### Work to be completed
With pictures excluded, repeat exactly the lines from the one containing "Detail from a" through the last line of the material below.

### Given data
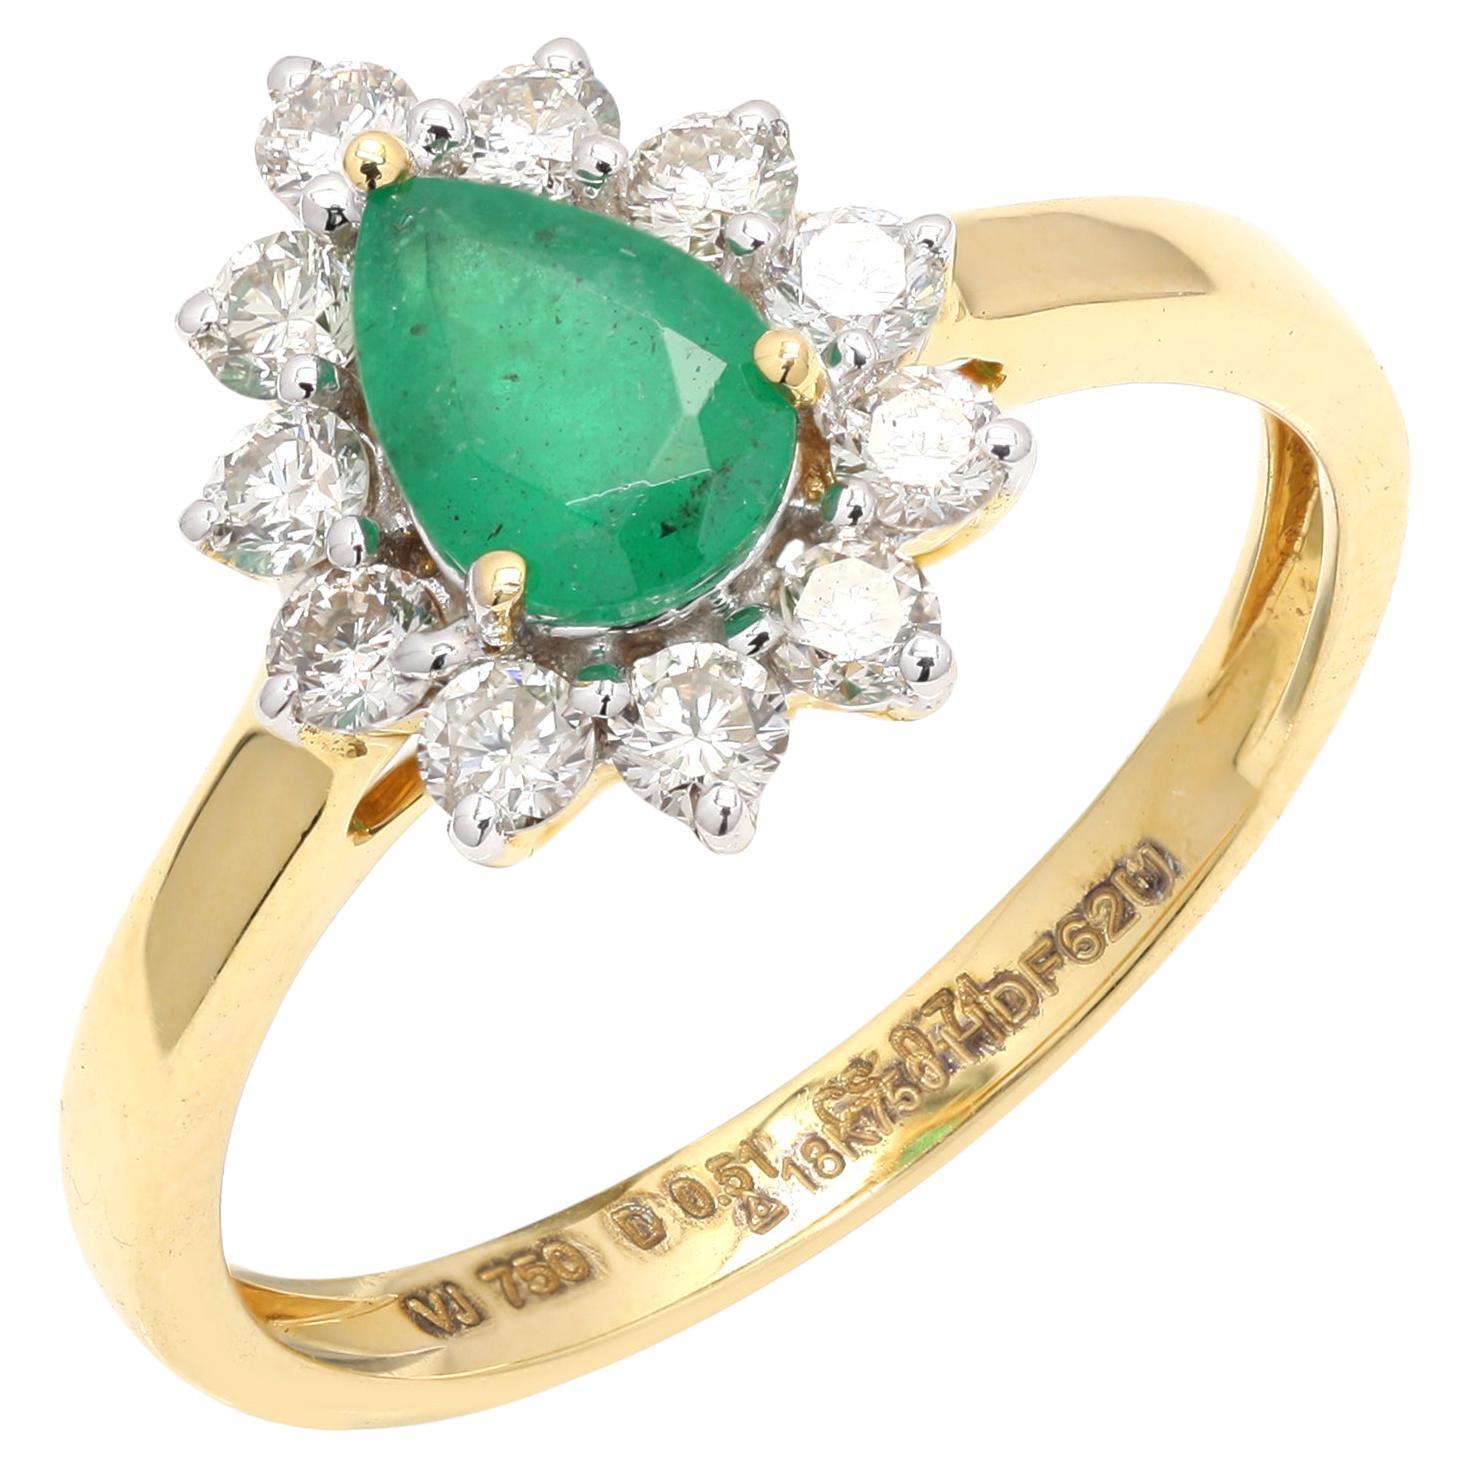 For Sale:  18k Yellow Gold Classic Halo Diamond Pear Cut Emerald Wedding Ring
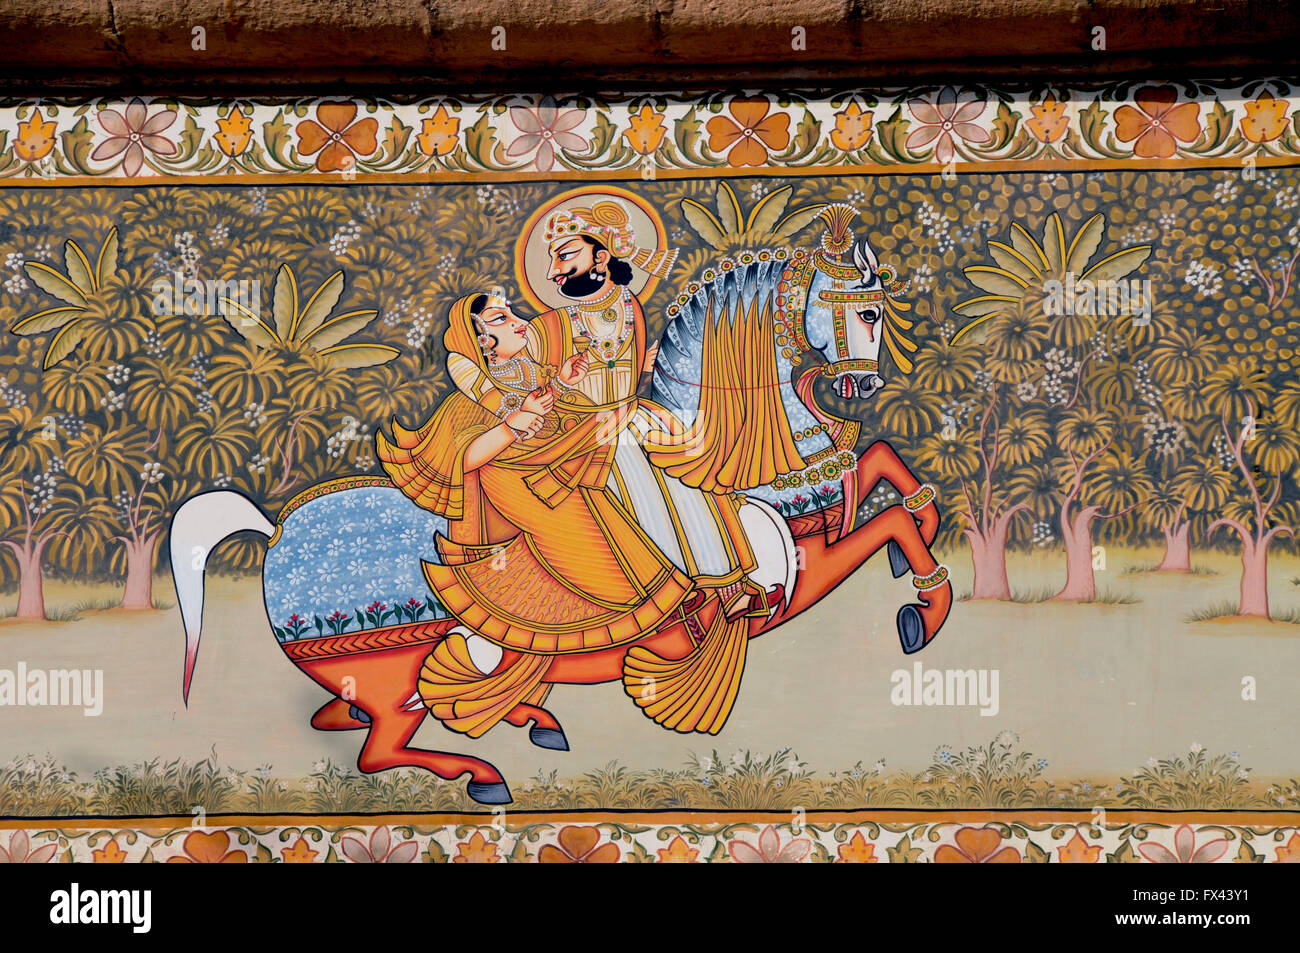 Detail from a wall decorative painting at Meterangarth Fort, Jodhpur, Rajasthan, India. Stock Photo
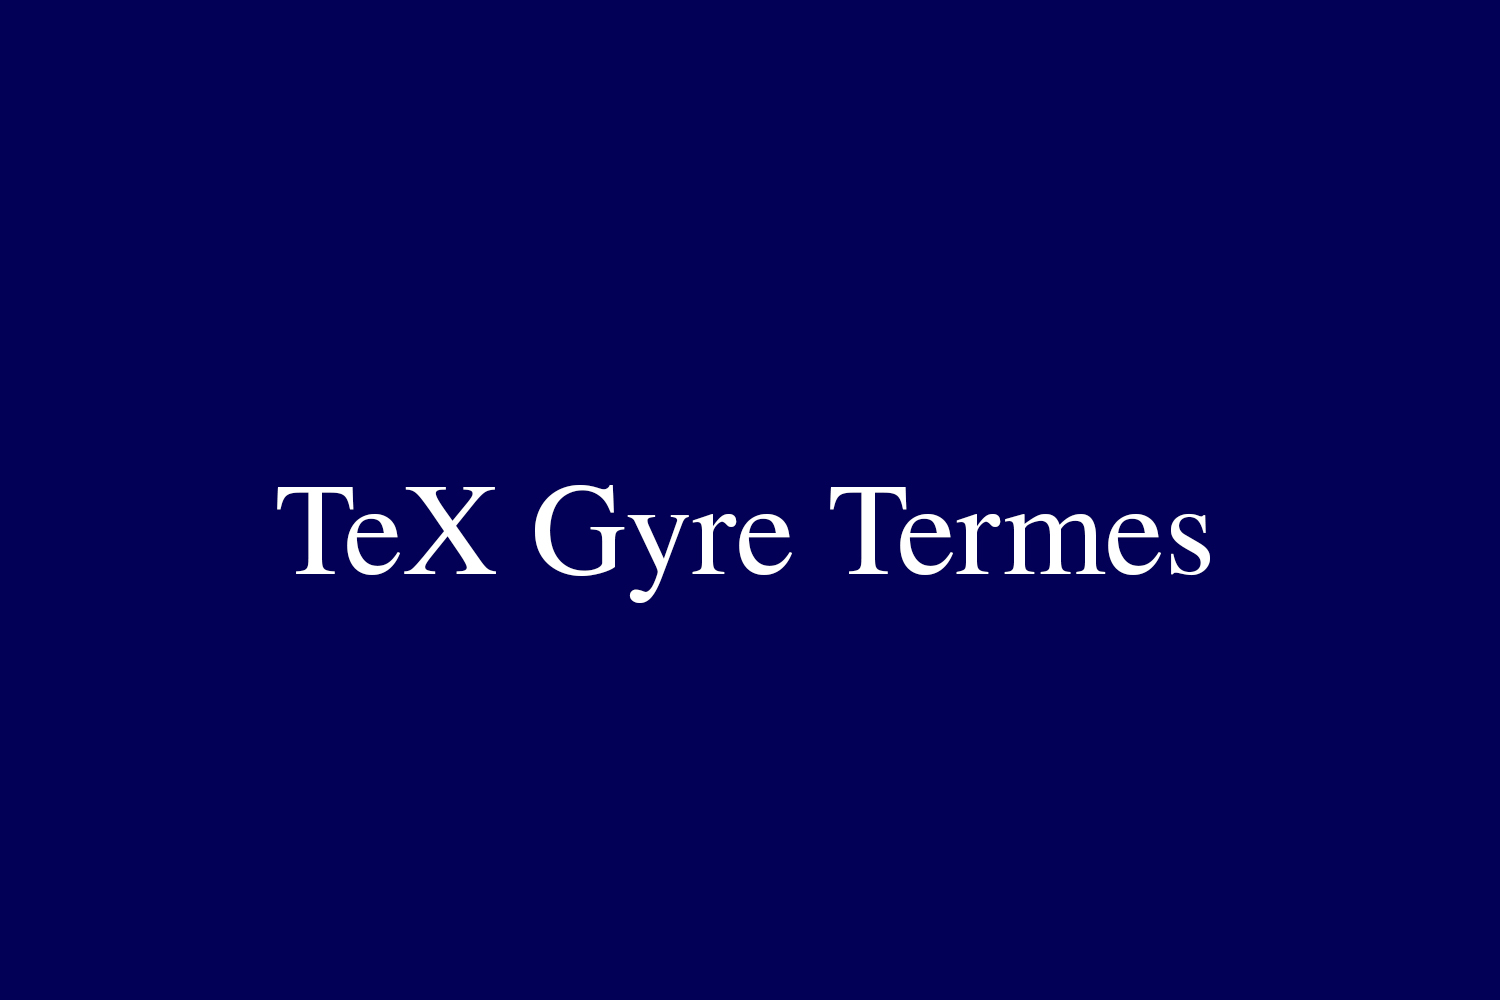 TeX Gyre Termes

### Result of the task
 Detail from a wall decorative painting at Meterangarth Fort, Jodhpur, Rajasthan, India. Stock Photo
 TeX Gyre Termes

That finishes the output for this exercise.